# ReverseDiff resultst do not fit theory

I have a question concerning ReverseDiff. I am doing some simple benchmarking with different Julia tools for automatic differentiation. In theory (at least what I know of automatic differentiation theory) computing a gradient should take no more than five times the time it takes to compute the objective function (with the reverse mode).

So I took the extension of the Rosenbrock function:

``````function f(x)
n=1000;
return 100.0 * sum((x[i] - x[i - 1]^2)^2 for i=2:n) + (1.0 - x)^2
end
``````

For all the values of n I tested, the time to compute the gradient is much more then 5 times the time it took to compute f(x). The testing I did was simple:

``````x = rand(n)                                                    # Where n is the right size for f
t = @elapsed f(x)
``````

With n=100, t=2.224000e-06 and t_g = 9.482440e-04
With n = 500, t = 2.054000e-06 and t_g = 4.637314e-03
With n = 1000, t =3.007000e-06 and t_g = 9.125266e-03

Am I misunderstanding the theory? Or is there something in my code that’s wrong? I am really confused by the disparity between theory and real life…

(I am new to discourse so I don’t know if it’s the right place to ask this question…)

Basically, the theory is correct but irrelevant: ReverseDiff does compute the gradient in asymptotically optimal time, but it has to store all the operations, which makes it slow. Playing around with vector operations might help.

3 Likes

ReverseDiff works by constructing an “instruction tape”, recording everything that your function does and then using that tape to propagate the gradient information backwards to the inputs. There’s a significant amount of overhead involved in constructing that tape, but fortunately you can do it ahead of time.

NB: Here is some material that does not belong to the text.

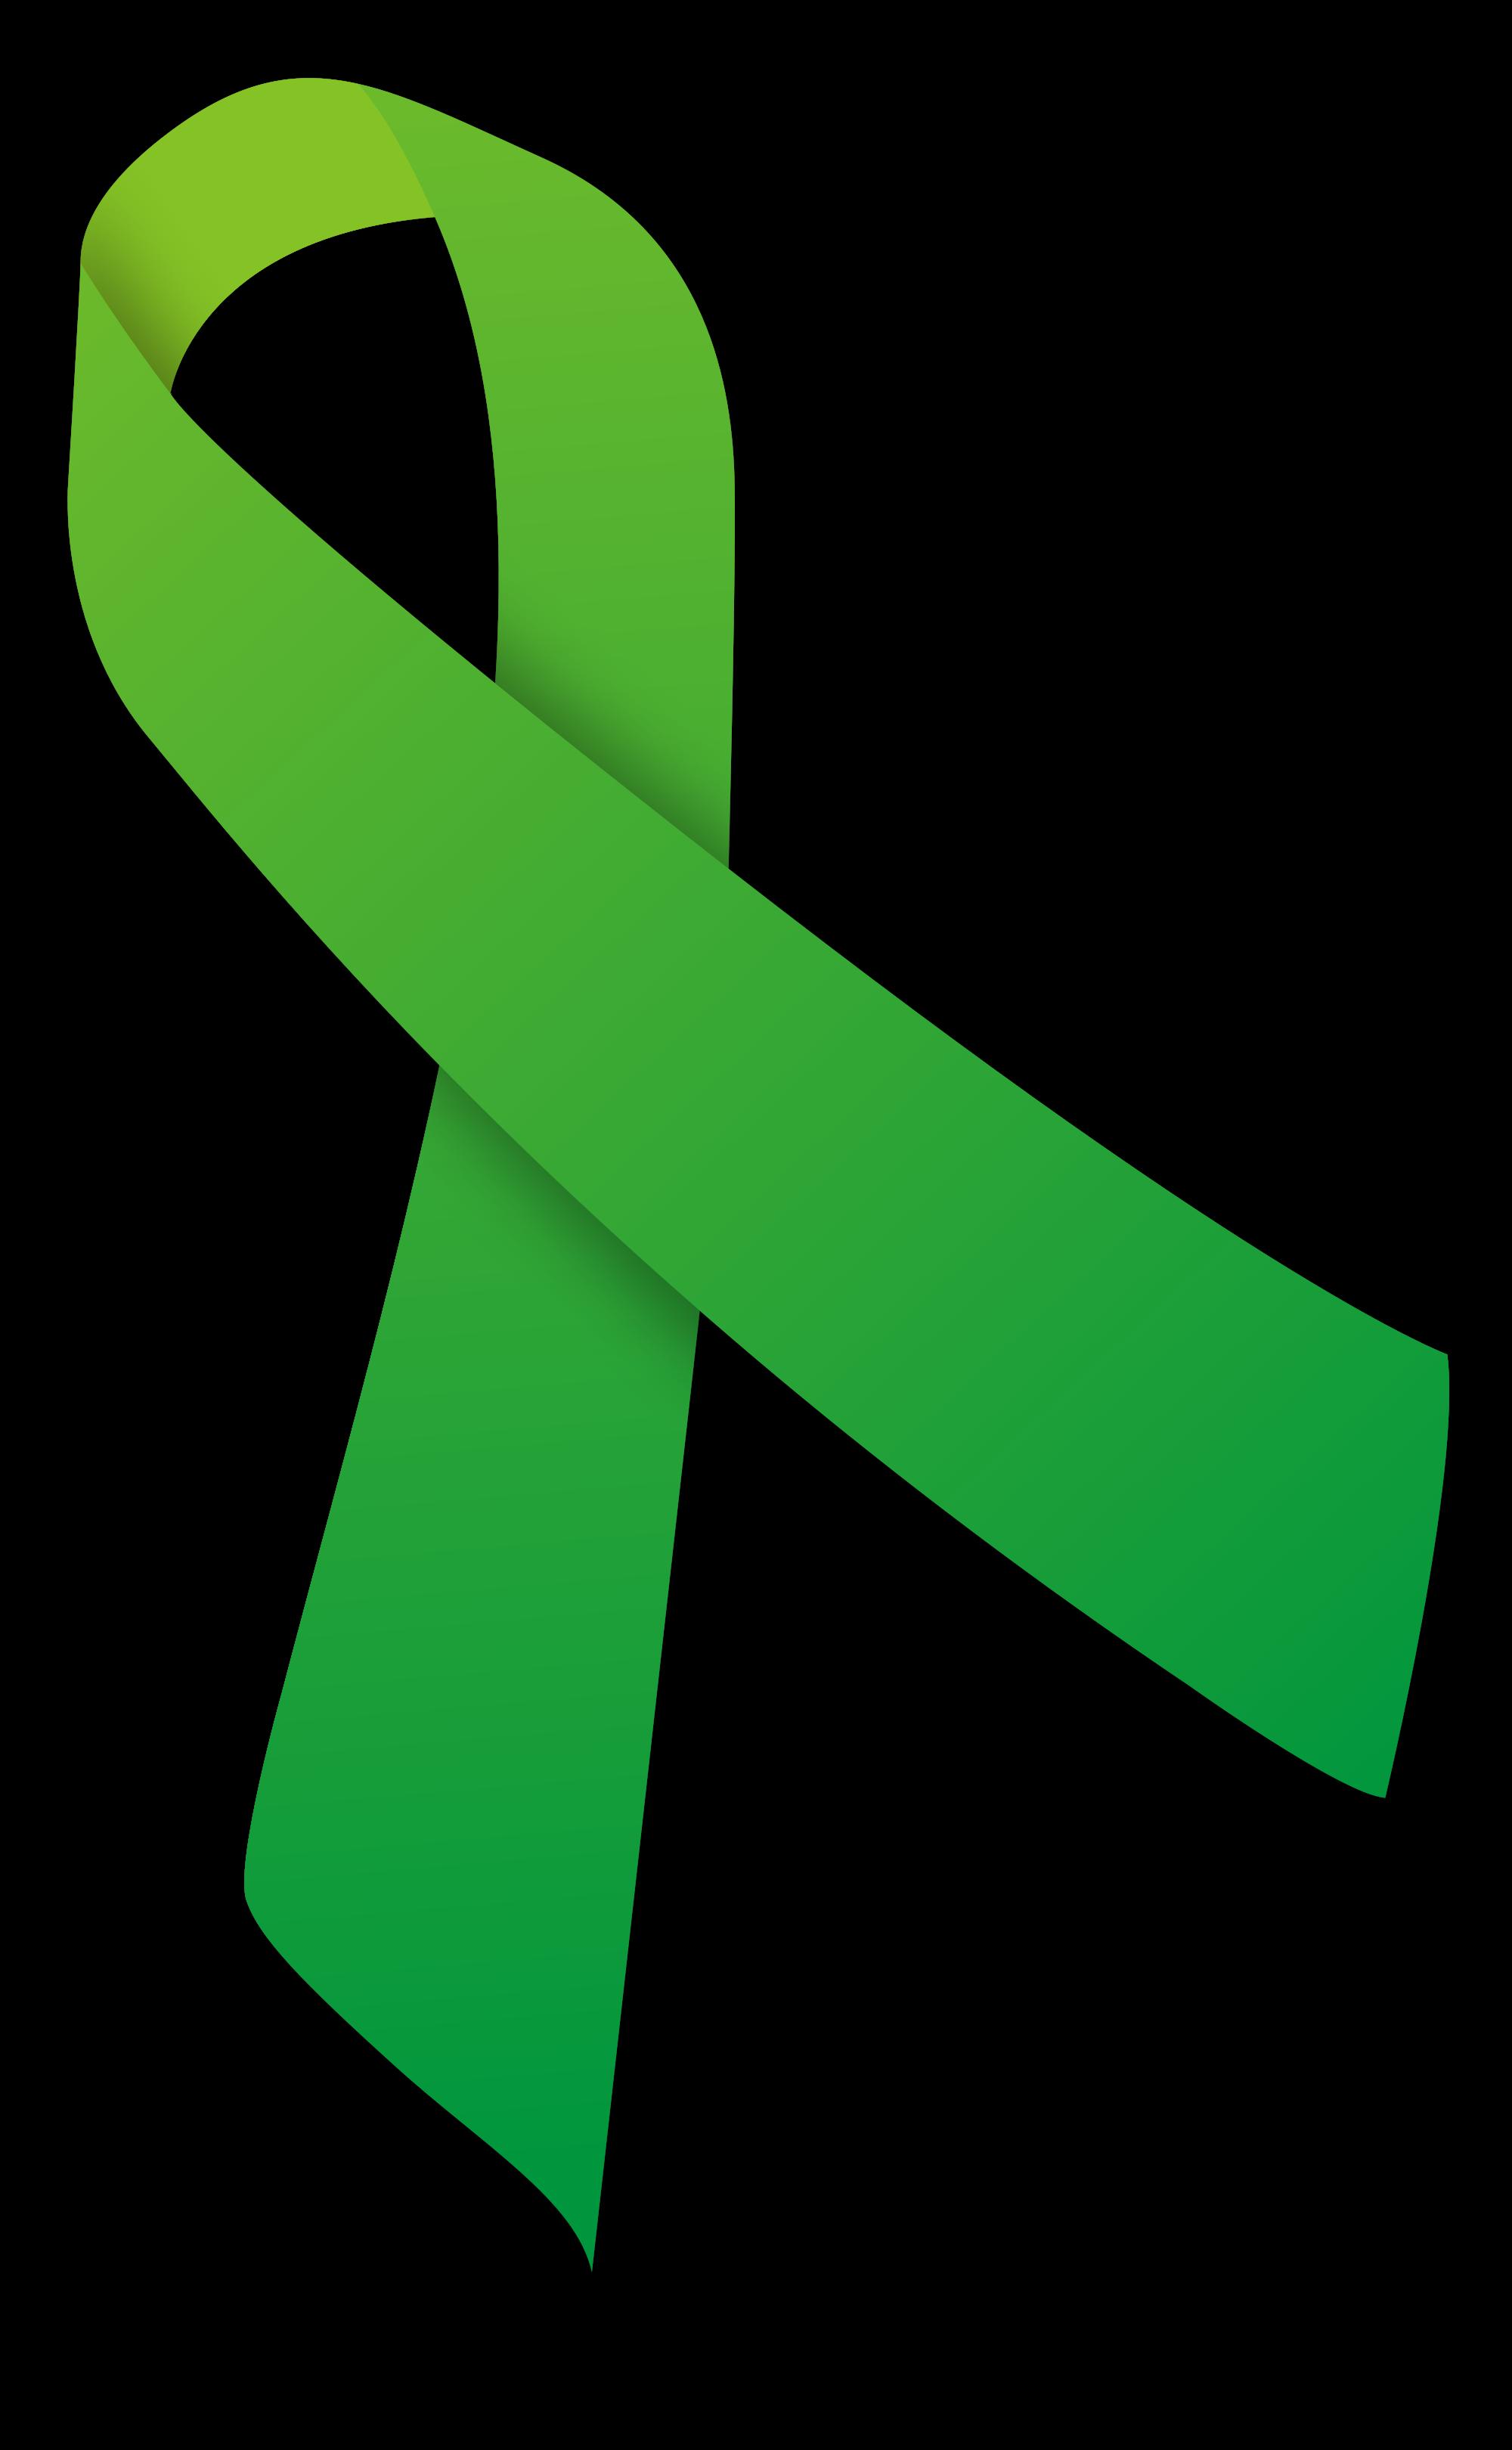 File:Green ribbon.svg - Wikimedia Commons

First of all, let’s establish a baseline, using BenchmarkTools.jl for more accurate timing:

``````
julia> n = 1000
1000

julia> function f(x)
n = length(x)
return 100.0 * sum((x[i] - x[i - 1]^2)^2 for i=2:n) + (1.0 - x)^2
end
f (generic function with 1 method)

julia> using BenchmarkTools

julia> @btime f(x) setup=(x = rand(n))
991.692 ns (5 allocations: 96 bytes)
``````

Your function `f(x)` is allocating a small amount of memory. You could probably make it faster by computing the `sum` in a loop rather than using a generator as you’re doing now, but this is OK for now.

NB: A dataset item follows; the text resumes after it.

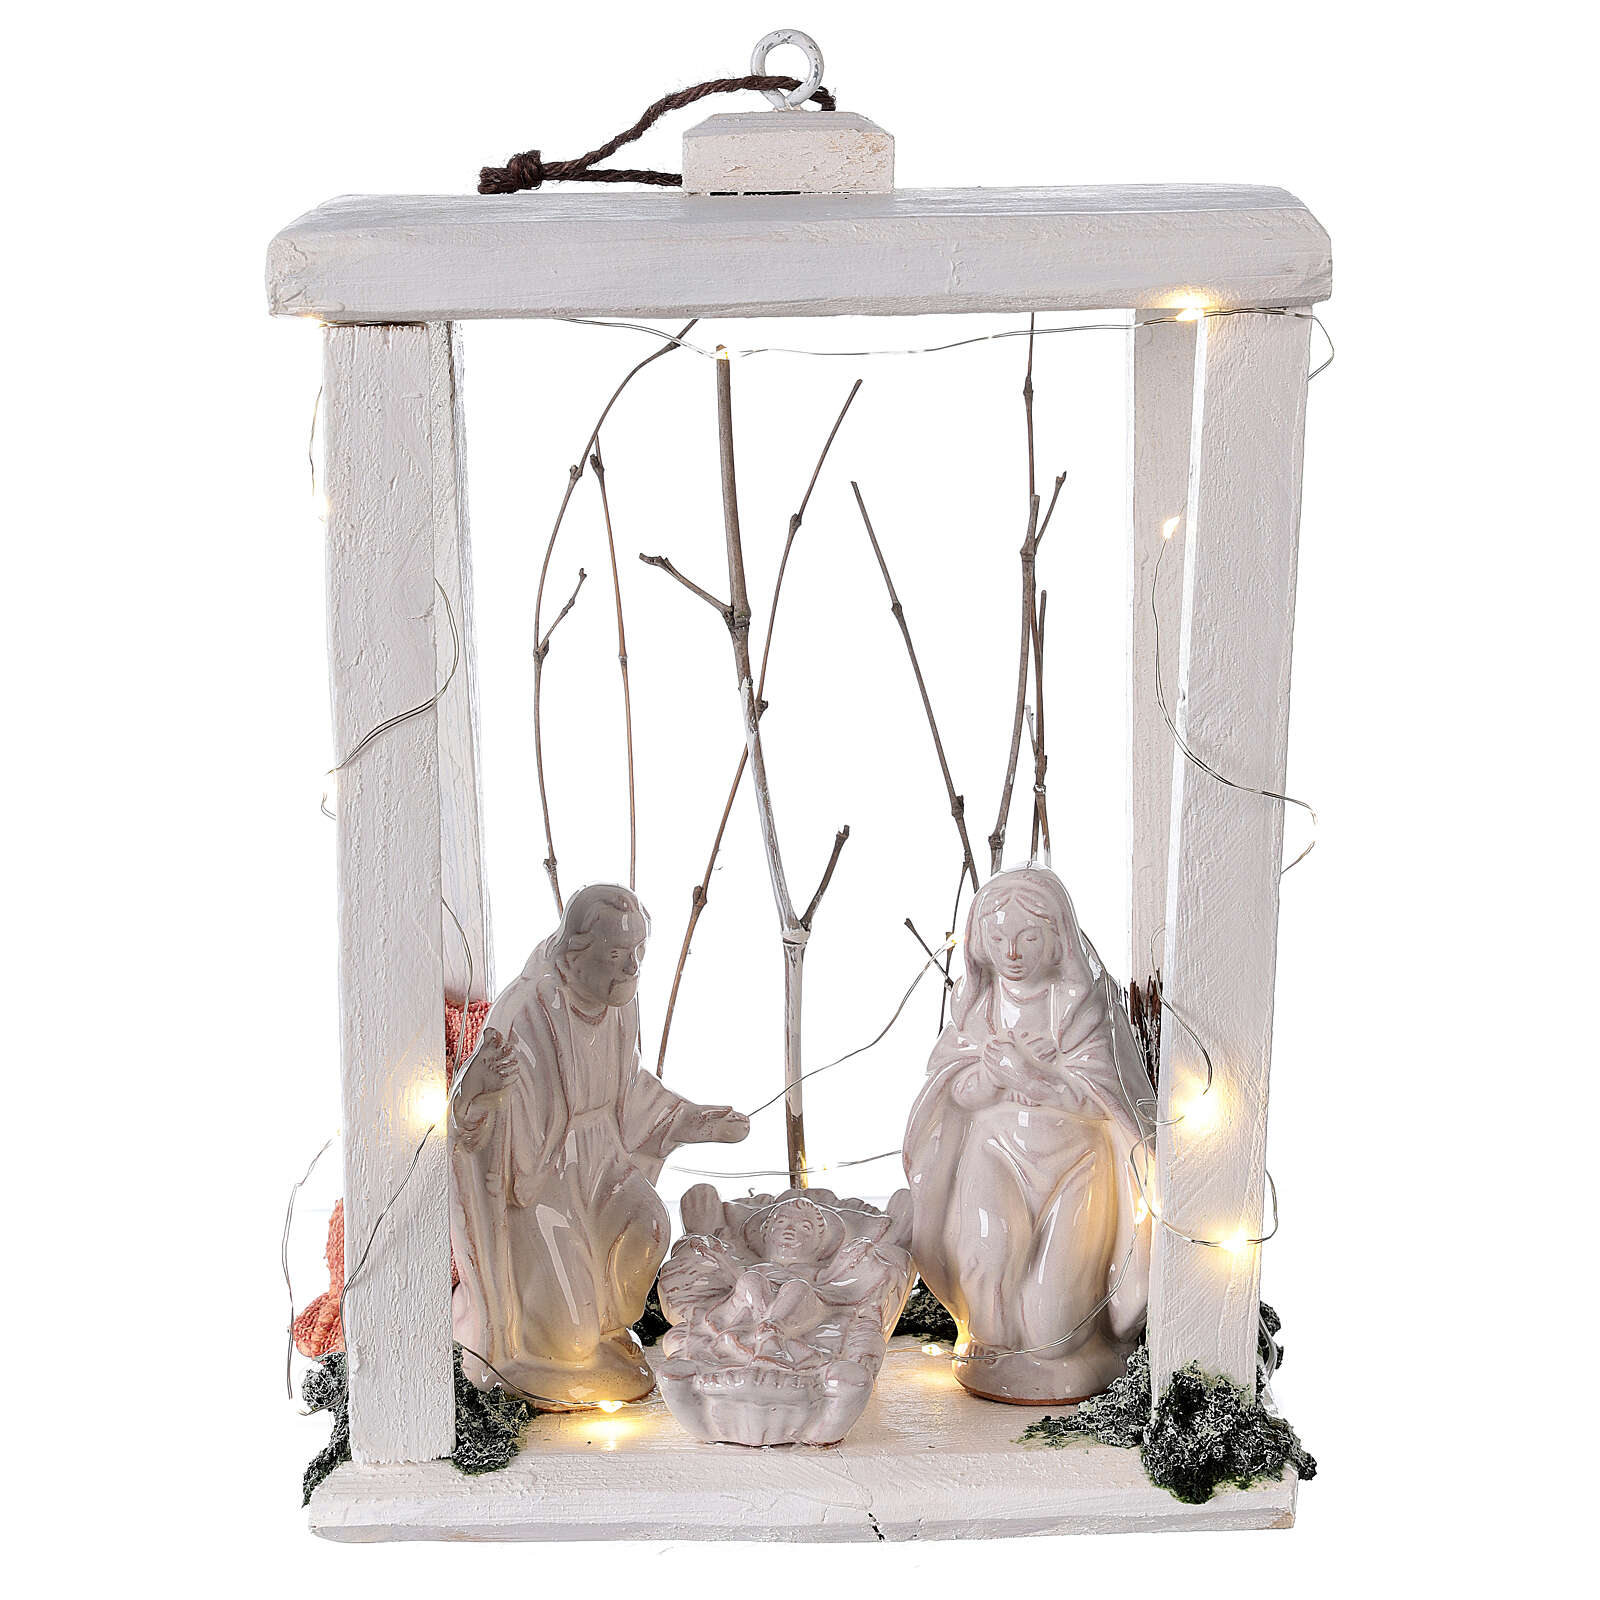 Linterna madera estatuas terracota blanca Deruta 30x22x18 20 luces microled 4

Just calling `ReverseDiff.gradient` is very expensive because it recomputes the tape every time:

``````julia> @btime ReverseDiff.gradient(f, x) setup=(x = rand(n))
8.637 ms (32012 allocations: 1.00 MiB)
``````

Instead, we should pre-record the tape and pre-allocate an output vector to hold the result:

``````julia> tape = ReverseDiff.compile(ReverseDiff.GradientTape(f, rand(n)))
ReverseDiff.CompiledTape(f)

julia> @btime ReverseDiff.gradient!(g, \$tape, x) setup=(x = rand(n); g = similar(x))
312.478 μs (0 allocations: 0 bytes)
``````

Computing the gradient with the pre-recorded tape is almost 30 times faster than re-building the tape every time. ReverseDiff is even smart enough to pre-allocate all the memory it needs, so this function doesn’t even allocate anything.

This still isn’t magically “no more than five times” as slow as the original `f`, but it’s much closer. Getting even better performance will require more than my level of expertise. But the point is that it’s extremely important to consider the overhead involved when benchmarking things like autodiff. Julia’s ReverseDiff is quite competitive in that regard.

5 Likes

Sorry I didn’t know what was the most appropriate place to post this issue was! Won’t happen again!

Thank you very much! That will be very useful for the continuation of my testing with automatic differentiation!

By the way, the future of autodiff in Julia is https://github.com/JuliaDiff/Capstan.jl using https://github.com/jrevels/Cassette.jl however neither of those is ready for use yet.

1 Like

I’ll keep an eye out for those! For now ForwardDiff and ReverseDiff should suffice for me!